Clinical Study Associate

Company Description

QREC Clinical Research LLP, a Contract Research Organization with offices in Jaipur (India), Hyderabad (India), and Dubai (UAE), provides comprehensive clinical research services to the healthcare industry, government, and private sectors. The company specializes in Clinical Trials (Phase 3 & 4), Real-World Evidence Studies, Post-Marketing Surveillance (PMS), Investigator-Initiated Studies, Medical Writing, Clinical Data Management, Statistical Analysis, and Medico-Marketing.
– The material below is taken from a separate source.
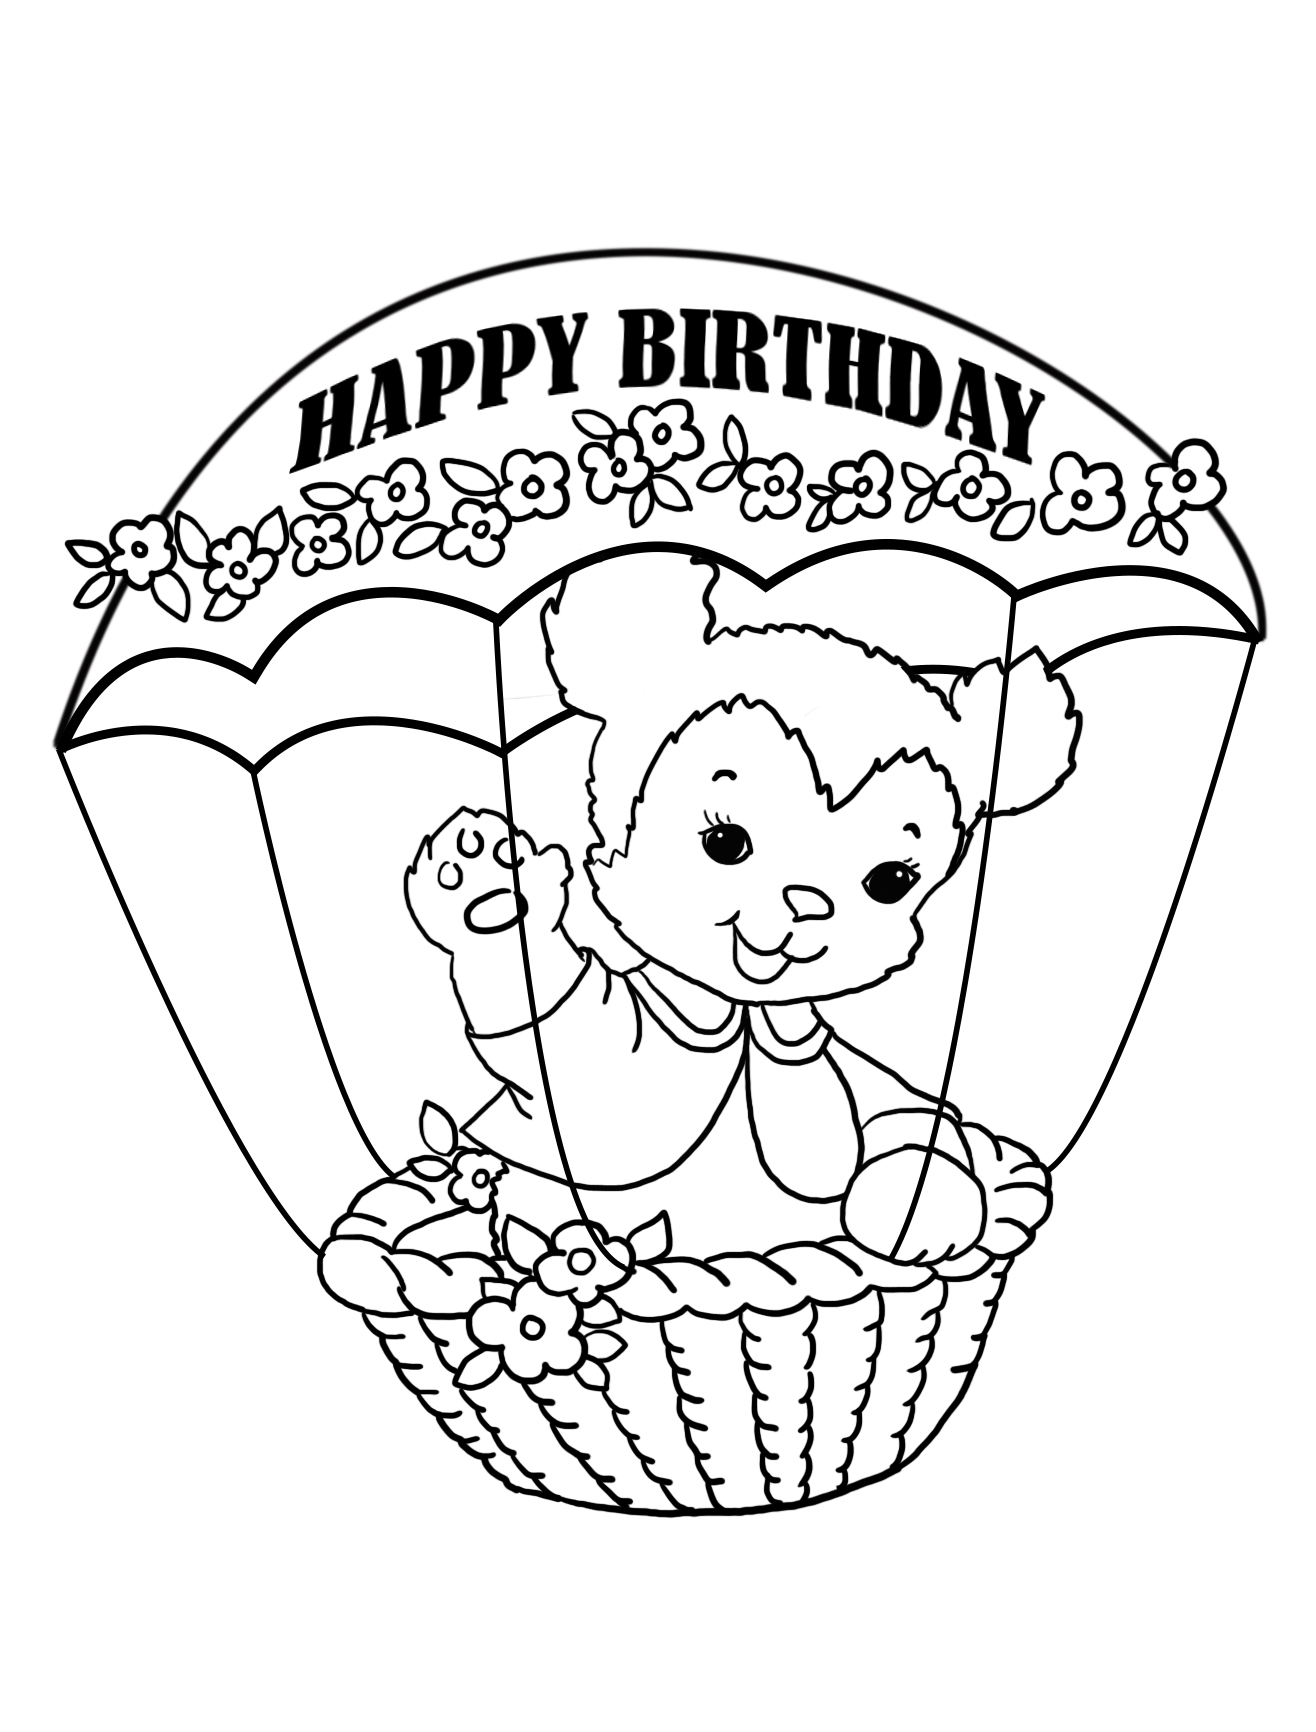 Download Birthday Coloring Pages

With a robust global footprint, QREC has successfully delivered over 450 brand plans, 162 real-world studies, and numerous clinical data management and medical writing projects. Supported by a team of 63+ skilled professionals and a comprehensive database of over 45,000 doctors and 810,000 patients, QREC is committed to delivering high-quality, insightful outcomes for its clients worldwide.

Role Description

This is a full-time, on-site role for a Clinical Study Associate based in Jaipur. The Clinical Study Associate will be responsible for coordinating and supporting clinical trials and research projects, managing study documentation, and assisting in data collection and analysis. Responsibilities include liaising with investigators and healthcare professionals, ensuring compliance with regulatory requirements, monitoring study progress, and preparing reports. The role also entails working closely with cross-functional teams to ensure timely execution of clinical research projects.

Qualifications

• Strong communication skills to effectively interact with team members, investigators, and healthcare professionals.
• Knowledge and experience in research methodologies, study protocols, and regulatory guidelines for clinical trials.
• Background in medicine, healthcare, or a related field is preferred.
• Hands-on experience in clinical trials and familiarity with clinical trial operations is highly desirable.
• Ability to work collaboratively in a dynamic environment and adapt to new challenges.
• Detail-oriented with excellent organizational and time-management skills.
• Proficiency in medical writing and data analysis is a plus.
• Bachelor’s degree or higher in Life Sciences, Medicine, Pharmacy, or related disciplines.